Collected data
- Opening Delimiter -
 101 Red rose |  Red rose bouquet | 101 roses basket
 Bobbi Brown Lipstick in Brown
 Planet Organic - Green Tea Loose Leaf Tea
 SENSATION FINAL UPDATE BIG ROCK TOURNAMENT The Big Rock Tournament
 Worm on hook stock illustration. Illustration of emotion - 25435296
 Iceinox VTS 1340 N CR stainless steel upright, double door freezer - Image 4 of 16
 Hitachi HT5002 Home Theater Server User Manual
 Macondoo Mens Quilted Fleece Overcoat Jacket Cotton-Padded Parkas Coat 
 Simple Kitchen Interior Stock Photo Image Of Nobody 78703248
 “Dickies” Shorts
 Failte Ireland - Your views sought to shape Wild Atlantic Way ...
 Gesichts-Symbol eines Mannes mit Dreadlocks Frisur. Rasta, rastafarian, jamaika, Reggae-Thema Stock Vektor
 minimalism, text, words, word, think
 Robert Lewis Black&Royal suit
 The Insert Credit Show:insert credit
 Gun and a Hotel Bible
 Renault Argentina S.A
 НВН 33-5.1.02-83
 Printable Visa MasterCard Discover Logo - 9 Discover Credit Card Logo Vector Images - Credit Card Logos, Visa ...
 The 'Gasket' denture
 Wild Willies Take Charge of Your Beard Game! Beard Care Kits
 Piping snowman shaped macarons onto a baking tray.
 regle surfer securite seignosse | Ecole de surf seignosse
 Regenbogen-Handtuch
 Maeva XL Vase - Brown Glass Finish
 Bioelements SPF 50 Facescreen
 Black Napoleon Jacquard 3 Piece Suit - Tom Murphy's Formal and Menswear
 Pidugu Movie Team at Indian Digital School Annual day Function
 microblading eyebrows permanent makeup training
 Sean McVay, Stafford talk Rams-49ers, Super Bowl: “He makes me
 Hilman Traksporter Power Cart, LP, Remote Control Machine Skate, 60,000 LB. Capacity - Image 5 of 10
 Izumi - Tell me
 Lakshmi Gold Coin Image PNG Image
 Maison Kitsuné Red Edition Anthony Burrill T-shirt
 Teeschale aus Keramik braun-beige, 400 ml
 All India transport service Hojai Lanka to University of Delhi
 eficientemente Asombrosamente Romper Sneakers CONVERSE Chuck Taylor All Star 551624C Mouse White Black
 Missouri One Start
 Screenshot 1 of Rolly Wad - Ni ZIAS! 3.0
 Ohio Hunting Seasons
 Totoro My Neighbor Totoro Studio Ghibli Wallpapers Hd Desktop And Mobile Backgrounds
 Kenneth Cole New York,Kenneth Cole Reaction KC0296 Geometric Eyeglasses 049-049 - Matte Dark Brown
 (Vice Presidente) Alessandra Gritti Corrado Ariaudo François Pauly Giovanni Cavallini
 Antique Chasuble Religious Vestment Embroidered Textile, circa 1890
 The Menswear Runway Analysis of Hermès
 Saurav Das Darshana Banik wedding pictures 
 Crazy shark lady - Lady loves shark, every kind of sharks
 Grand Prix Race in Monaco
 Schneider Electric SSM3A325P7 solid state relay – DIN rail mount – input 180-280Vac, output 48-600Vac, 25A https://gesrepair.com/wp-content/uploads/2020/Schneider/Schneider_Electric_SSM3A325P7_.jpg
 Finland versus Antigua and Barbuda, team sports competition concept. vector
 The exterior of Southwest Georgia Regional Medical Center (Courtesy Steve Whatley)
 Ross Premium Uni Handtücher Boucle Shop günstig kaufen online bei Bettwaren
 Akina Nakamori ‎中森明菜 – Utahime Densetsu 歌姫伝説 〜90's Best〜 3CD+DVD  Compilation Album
- Closing Delimiter -
Directions: The full data, transcribed without change, is the expected answer.

Result:
 101 Red rose |  Red rose bouquet | 101 roses basket
 Bobbi Brown Lipstick in Brown
 Planet Organic - Green Tea Loose Leaf Tea
 SENSATION FINAL UPDATE BIG ROCK TOURNAMENT The Big Rock Tournament
 Worm on hook stock illustration. Illustration of emotion - 25435296
 Iceinox VTS 1340 N CR stainless steel upright, double door freezer - Image 4 of 16
 Hitachi HT5002 Home Theater Server User Manual
 Macondoo Mens Quilted Fleece Overcoat Jacket Cotton-Padded Parkas Coat 
 Simple Kitchen Interior Stock Photo Image Of Nobody 78703248
 “Dickies” Shorts
 Failte Ireland - Your views sought to shape Wild Atlantic Way ...
 Gesichts-Symbol eines Mannes mit Dreadlocks Frisur. Rasta, rastafarian, jamaika, Reggae-Thema Stock Vektor
 minimalism, text, words, word, think
 Robert Lewis Black&Royal suit
 The Insert Credit Show:insert credit
 Gun and a Hotel Bible
 Renault Argentina S.A
 НВН 33-5.1.02-83
 Printable Visa MasterCard Discover Logo - 9 Discover Credit Card Logo Vector Images - Credit Card Logos, Visa ...
 The 'Gasket' denture
 Wild Willies Take Charge of Your Beard Game! Beard Care Kits
 Piping snowman shaped macarons onto a baking tray.
 regle surfer securite seignosse | Ecole de surf seignosse
 Regenbogen-Handtuch
 Maeva XL Vase - Brown Glass Finish
 Bioelements SPF 50 Facescreen
 Black Napoleon Jacquard 3 Piece Suit - Tom Murphy's Formal and Menswear
 Pidugu Movie Team at Indian Digital School Annual day Function
 microblading eyebrows permanent makeup training
 Sean McVay, Stafford talk Rams-49ers, Super Bowl: “He makes me
 Hilman Traksporter Power Cart, LP, Remote Control Machine Skate, 60,000 LB. Capacity - Image 5 of 10
 Izumi - Tell me
 Lakshmi Gold Coin Image PNG Image
 Maison Kitsuné Red Edition Anthony Burrill T-shirt
 Teeschale aus Keramik braun-beige, 400 ml
 All India transport service Hojai Lanka to University of Delhi
 eficientemente Asombrosamente Romper Sneakers CONVERSE Chuck Taylor All Star 551624C Mouse White Black
 Missouri One Start
 Screenshot 1 of Rolly Wad - Ni ZIAS! 3.0
 Ohio Hunting Seasons
 Totoro My Neighbor Totoro Studio Ghibli Wallpapers Hd Desktop And Mobile Backgrounds
 Kenneth Cole New York,Kenneth Cole Reaction KC0296 Geometric Eyeglasses 049-049 - Matte Dark Brown
 (Vice Presidente) Alessandra Gritti Corrado Ariaudo François Pauly Giovanni Cavallini
 Antique Chasuble Religious Vestment Embroidered Textile, circa 1890
 The Menswear Runway Analysis of Hermès
 Saurav Das Darshana Banik wedding pictures 
 Crazy shark lady - Lady loves shark, every kind of sharks
 Grand Prix Race in Monaco
 Schneider Electric SSM3A325P7 solid state relay – DIN rail mount – input 180-280Vac, output 48-600Vac, 25A https://gesrepair.com/wp-content/uploads/2020/Schneider/Schneider_Electric_SSM3A325P7_.jpg
 Finland versus Antigua and Barbuda, team sports competition concept. vector
 The exterior of Southwest Georgia Regional Medical Center (Courtesy Steve Whatley)
 Ross Premium Uni Handtücher Boucle Shop günstig kaufen online bei Bettwaren
 Akina Nakamori ‎中森明菜 – Utahime Densetsu 歌姫伝説 〜90's Best〜 3CD+DVD  Compilation Album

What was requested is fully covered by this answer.